日本女子代表(なでしこジャパン)が、ナイジェリア女子代表との親善試合で連勝した。もっとも、相手のナイジェリアは平均年齢21歳程度の若いチームであり、最初からチーム力にははっきりした差があったので、2連勝は当然の結果ではある。女子代表の試合を見るのは7月の東アジア選手権以来だった。あの時の、すべてがチグハグだった試合ぶりと比べると、ナイジェリア戦は見違えるようだった。「改善された」と言うべきか、「本来の姿を取り戻した」というべきか……。

長崎での第1戦はテレビで観戦しただけだったが、澤穂希の存在感が際立っていた。いつも思うことだけれども、本当に攻守ともに、ポイントとなる場面に必ず顔を出す澤の戦術眼には恐れ入るばかりだ。長崎での試合では、澤と宮間あやがボランチでコンビを組んだのだが、澤が隣にいることで宮間が安心感を持って、気持ちよさそうに、のびのびとプレーしていた。東アジア選手権では、宮間は不調だった。攻撃のスイッチを入れるパスを出すどころではない。宮間のミスをきっかけにピンチを招く場面があまりにも多かった。
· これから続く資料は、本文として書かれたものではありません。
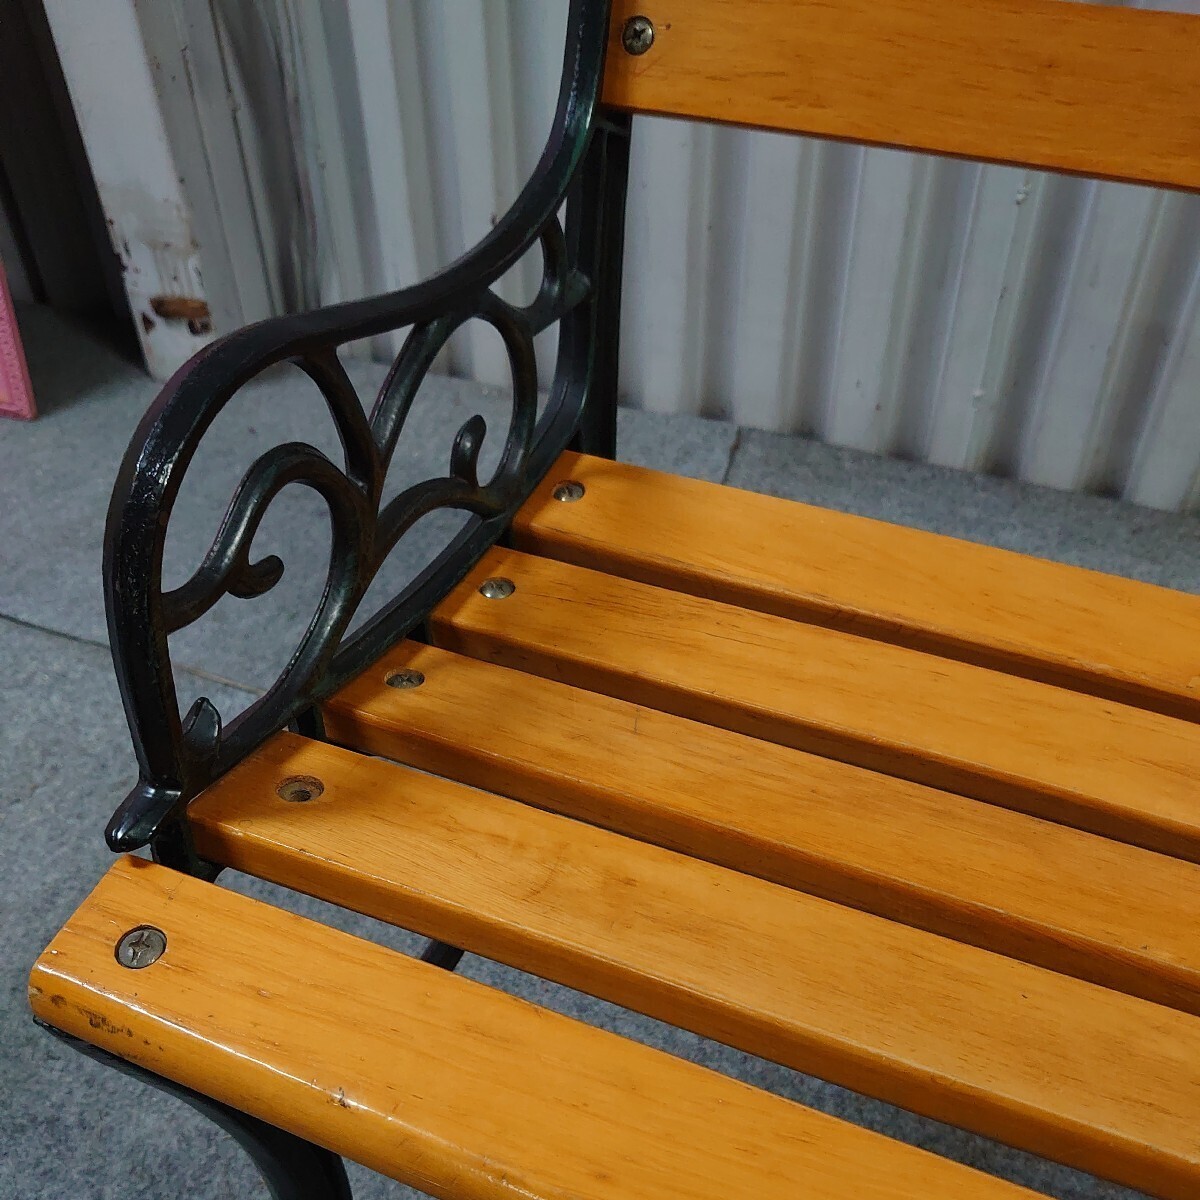  wooden bench garden bench chair - chair dining bench cheap selling out ..-.!
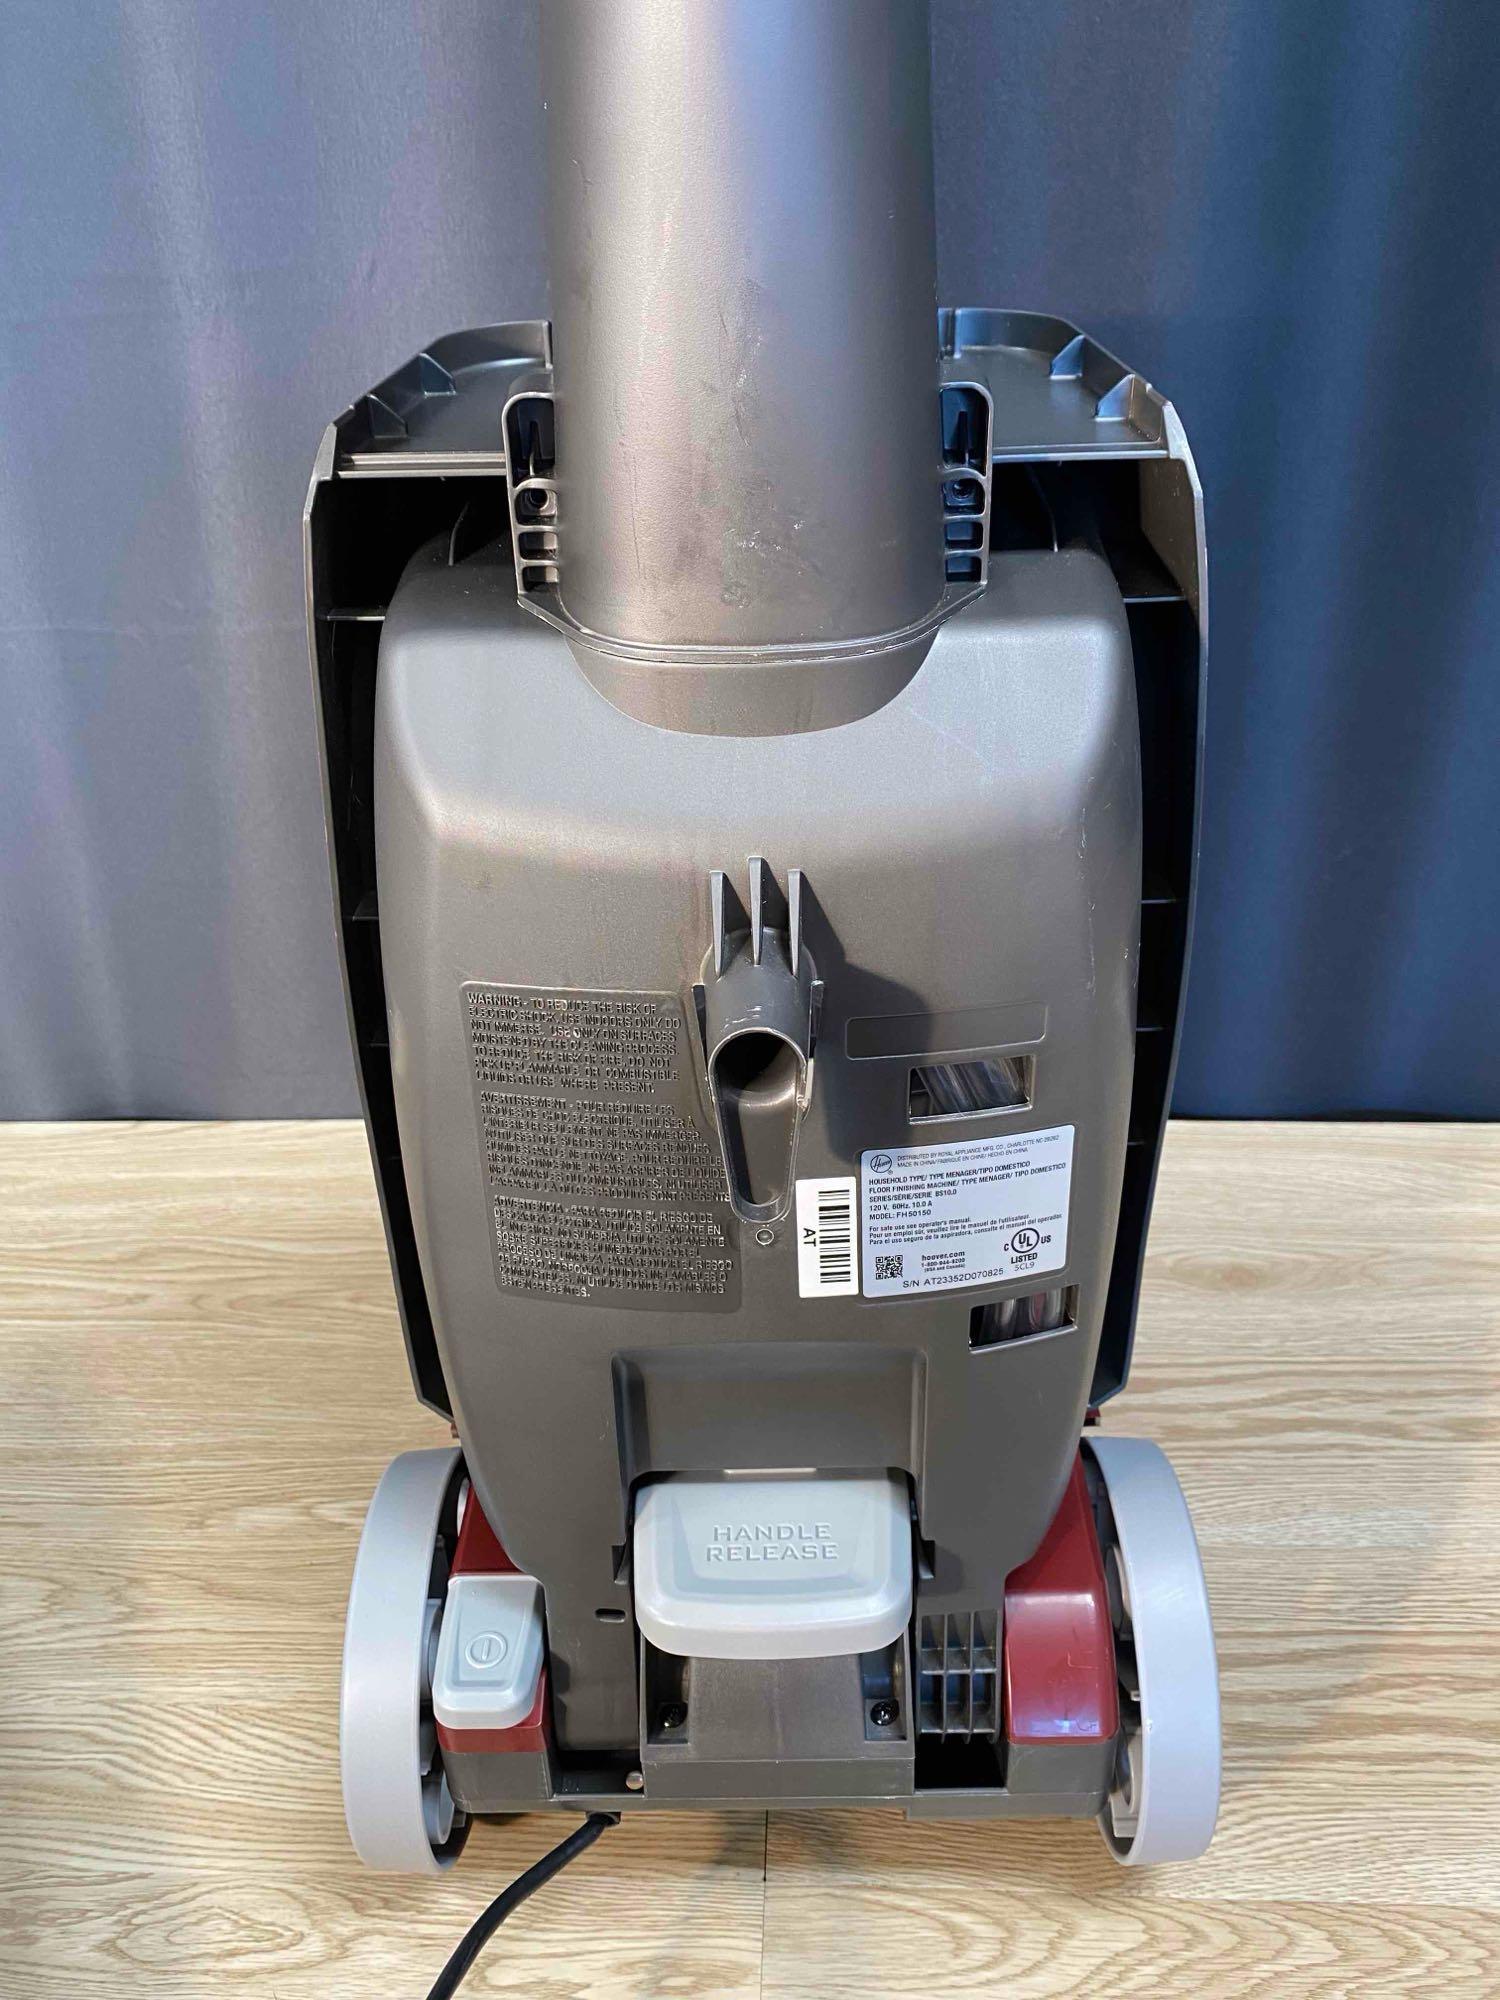 Hoover Power Scrub Deluxe Carpet Cleaner Machine

宮間は、長崎の試合で取り戻したリズムの良さを、千葉での第2戦にもそのまま持ち越していた。PKでの先制点を決め、FKから阪口夢穂の2点目をアシストと、宮間は2ゴールに絡んだが、そんなゴールの場面は、宮間であれば当たり前のプレーだろう。相手のDFとDFの間を通して、サイドの選手を走らせる絶妙のスルーパスこそが、宮間の本当の見せ場だった。ナイジェリアの中央での守備はかなり堅かったので、いつも以上にサイドを使う意識が高かったように見えた。そして、宮間は守備面でも見事に貢献した。

相手のMFがドリブルで持ち上がってくるような場面で、しっかりと相手のコースを抑えて攻撃を遅らせたり、ボールを奪ったり。とくに、相手のドリブルに対して、わざと片方のサイドを開けて誘い込んでボールを奪ったり、アプローチに行くタイミングをわざと遅らせたりと守備面での駆け引きが見事だった。かつて、佐々木則夫監督が就任して、最初に僕たちを驚かせたのが、澤のボランチ起用だった。攻撃的なセンスは折り紙つきの澤だったが、彼女のゲームを読む眼は守備でも生きた。いや、「生きた」どころの話ではない。ピンチを招きそうな場面でスーパーマンのように澤が現われて、何度も日本の危機を救ったことがいったい何度あったのか。

千葉での試合で、守備のうまさを発揮する宮間を見ながら、僕は澤が最初にボランチで起用された試合のことを思い出していた。やはり、澤の後継者は宮間あやなのであろうか。日本は、長崎での第1戦と千葉での第2戦で大幅にメンバーを入れ替えた。「入れ替えた」というよりは、まったくの別チーム。2試合ともに出場したのは、宮間のほか、川澄奈穂美と大儀見優季のわずか3人だけだった。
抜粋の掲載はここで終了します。